Advantages of a unified front

Federer also took time to assess exactly why he felt that combining the world’s two leading tennis tours into one entity would prove valuable to all involved.

“It’s too confusing for the fans when there are different ranking systems, different logos, different websites, different tournament categories,” Federer noted.

Currently, the WTA and ATP market themselves separately. They even broadcast their tournaments on completely different streams – TennisTV for the men’s tour and WTA TV providing coverage of women’s events.

Federer is far from the first to suggest that this is a good idea for the future. There’s also recently been talk of this approach from those on the women’s side of the tennis world.

Earlier this month, Anne Worcester, former chief executive officer of the WTA, also called for a combining of the two tennis tours in an interview with Forbes magazine.

“I’ve always believed that the right thing for tennis is for there to be one entity, and one commissioner, with plenty of independence in all the right ways,” Worcester told Forbes.

In 1994, when she was named CEO of the WTA, Worcester became the first women to be put in charge of a professional sports organization.

She thinks the shuttering of tennis due to the coronavirus presents an opportunity for both sides of the tennis world to assess and debate the merits of such a move.

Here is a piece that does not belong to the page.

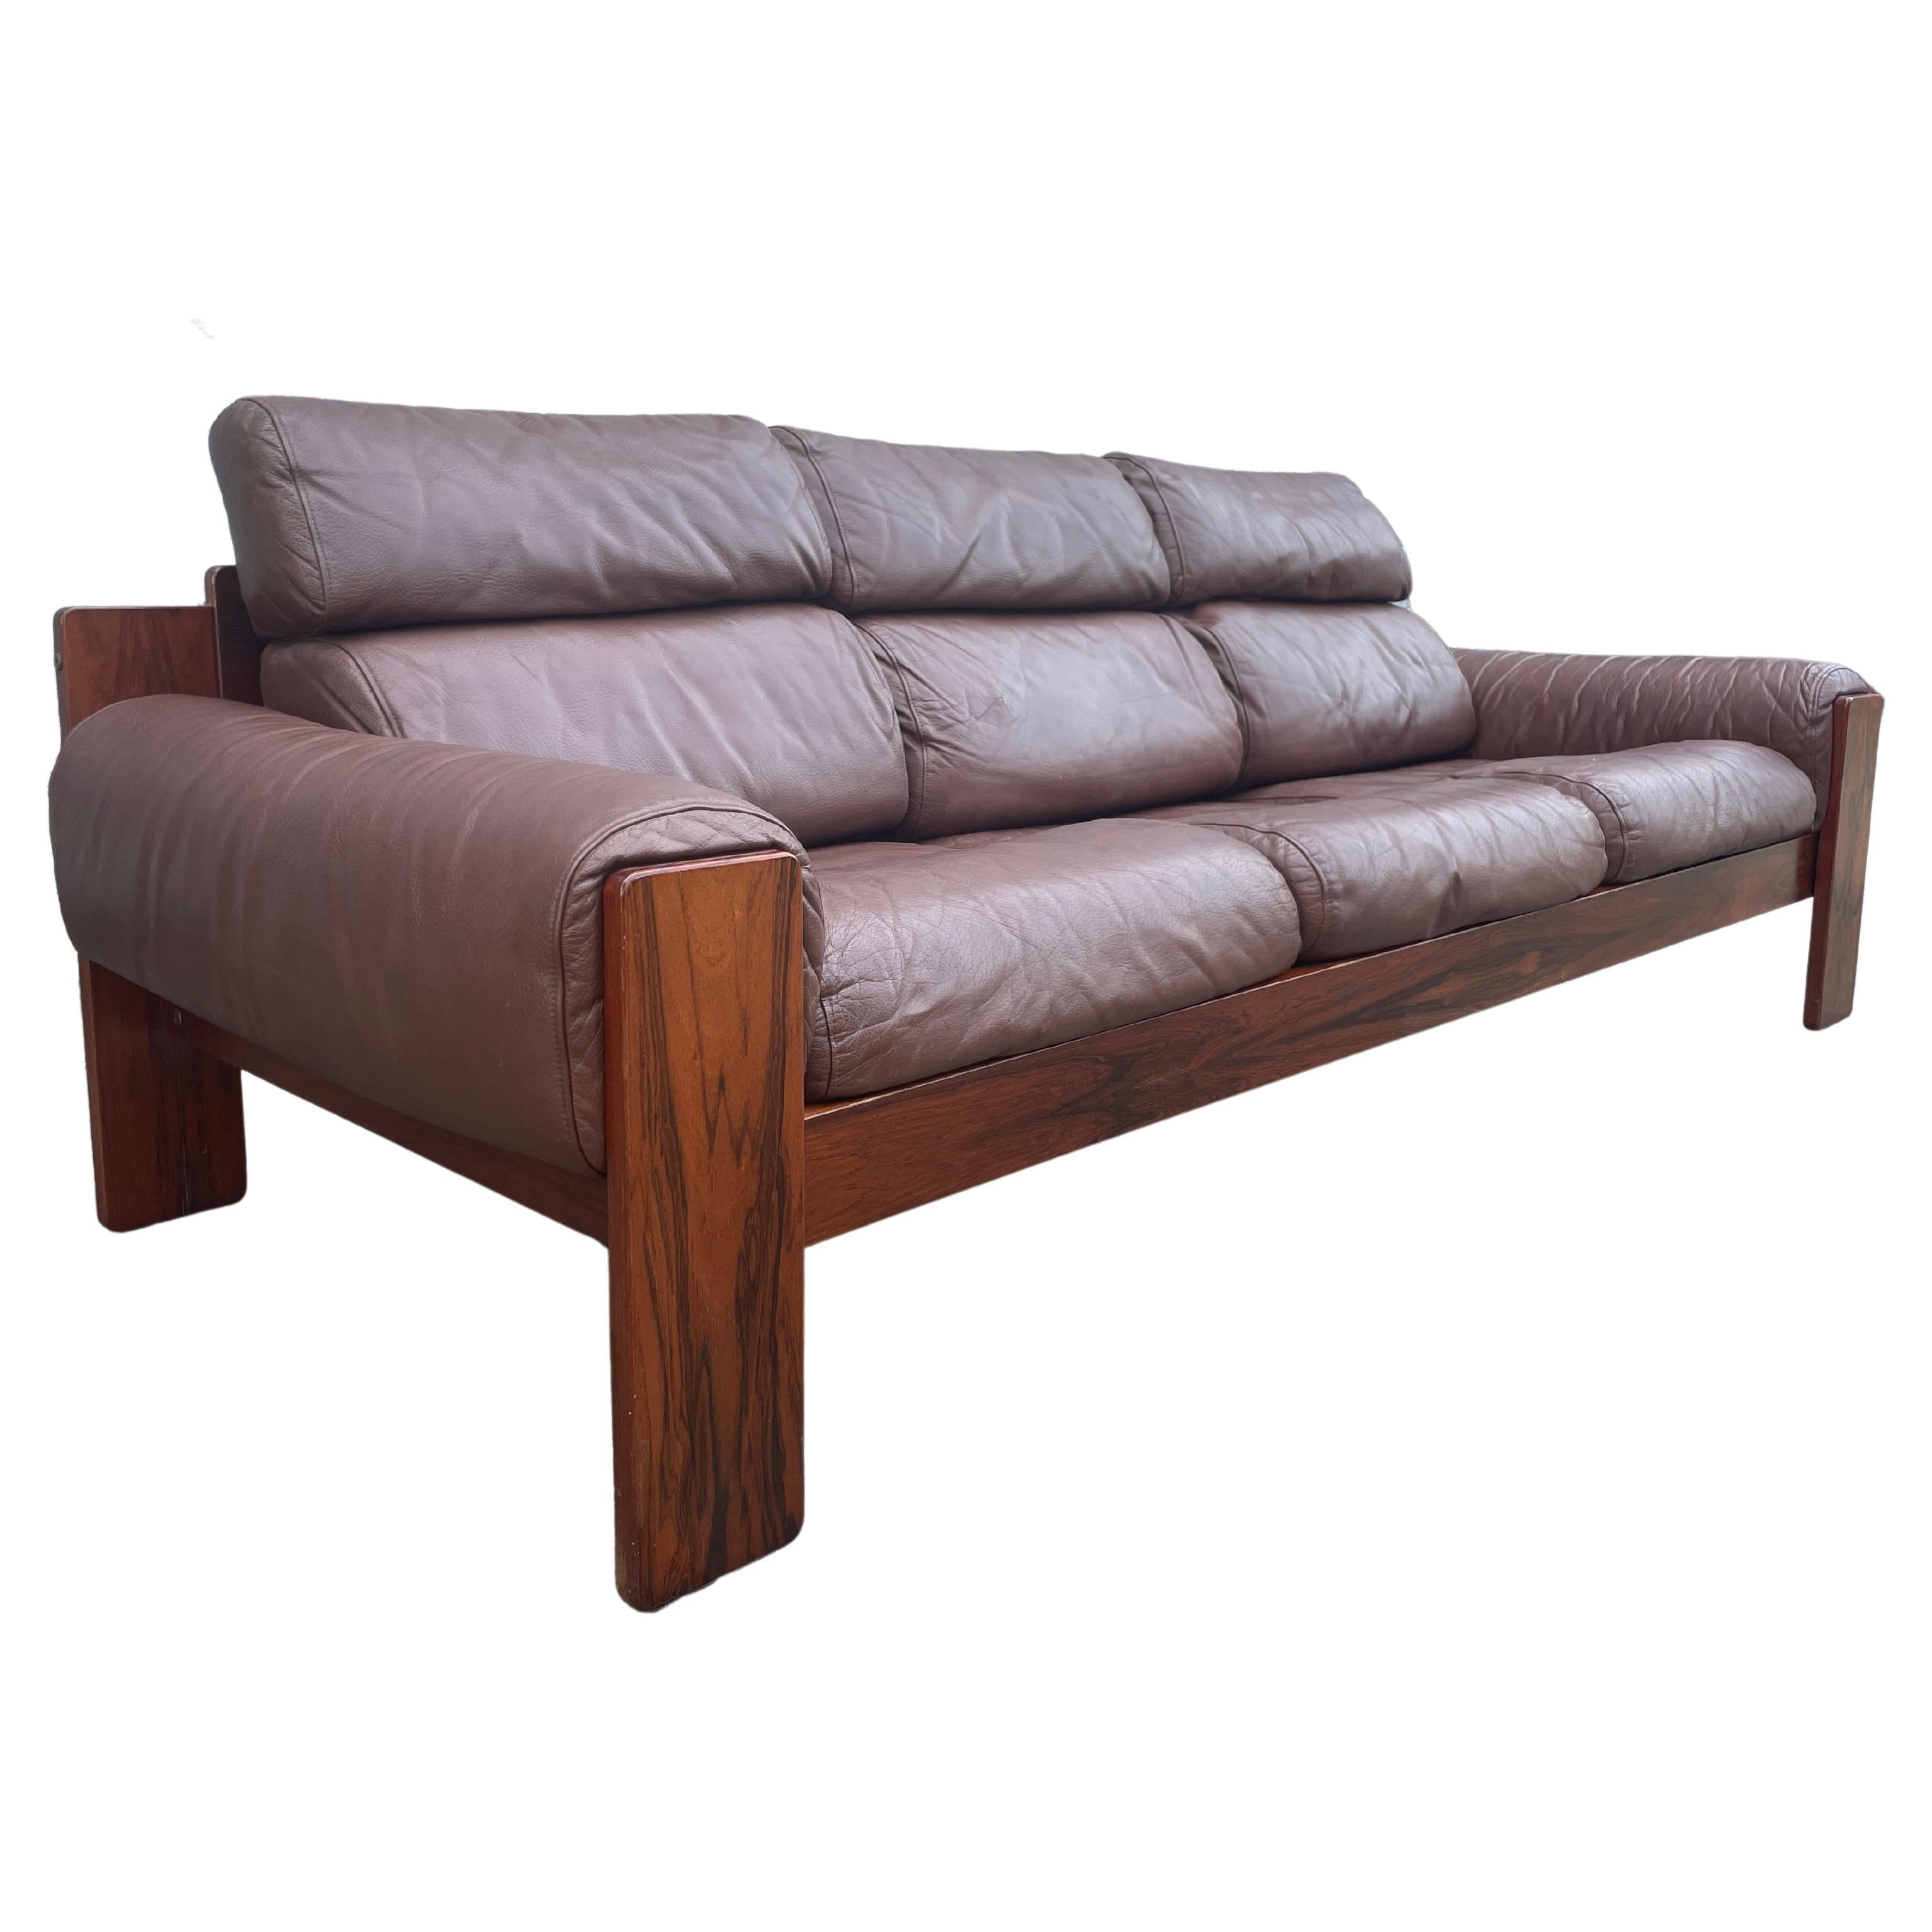 Superb mid-century Scandinavian flat rosewood frame is low profile with Soft padded Brown colored leather cushions. Very cozy low Scandinavian modern design by Uu-Vee Kaluste Oy of Finland. Circa late 1960. Very very clean and shows very light use.

Worcester is also of the opinion that the COVID-19 outbreak may leave them no choice, if survival of pro tennis is their goal.

Federer and Worcester each agree that both tours working in conjunction might offer the best chance for the sport to rebound from its COVID-19-induced shutdown.

“I do think that the silver lining of this crisis will be increased collaboration,” Worcester said. “To what extent, I don’t know. I always say, ‘Crisis reduces smugness’ and really increases the sense of collaboration.

“If tennis is going to come out of this and compete, we’ve really got to get it right this time around.”

Via Twitter, Federer echoed those sentiments.

“It probably should have happened a long time ago, but maybe now is really the time,” Federer pointed out. “These are tough times in every sport and we can come out of this with (two) weakened bodies or (one) stronger body.”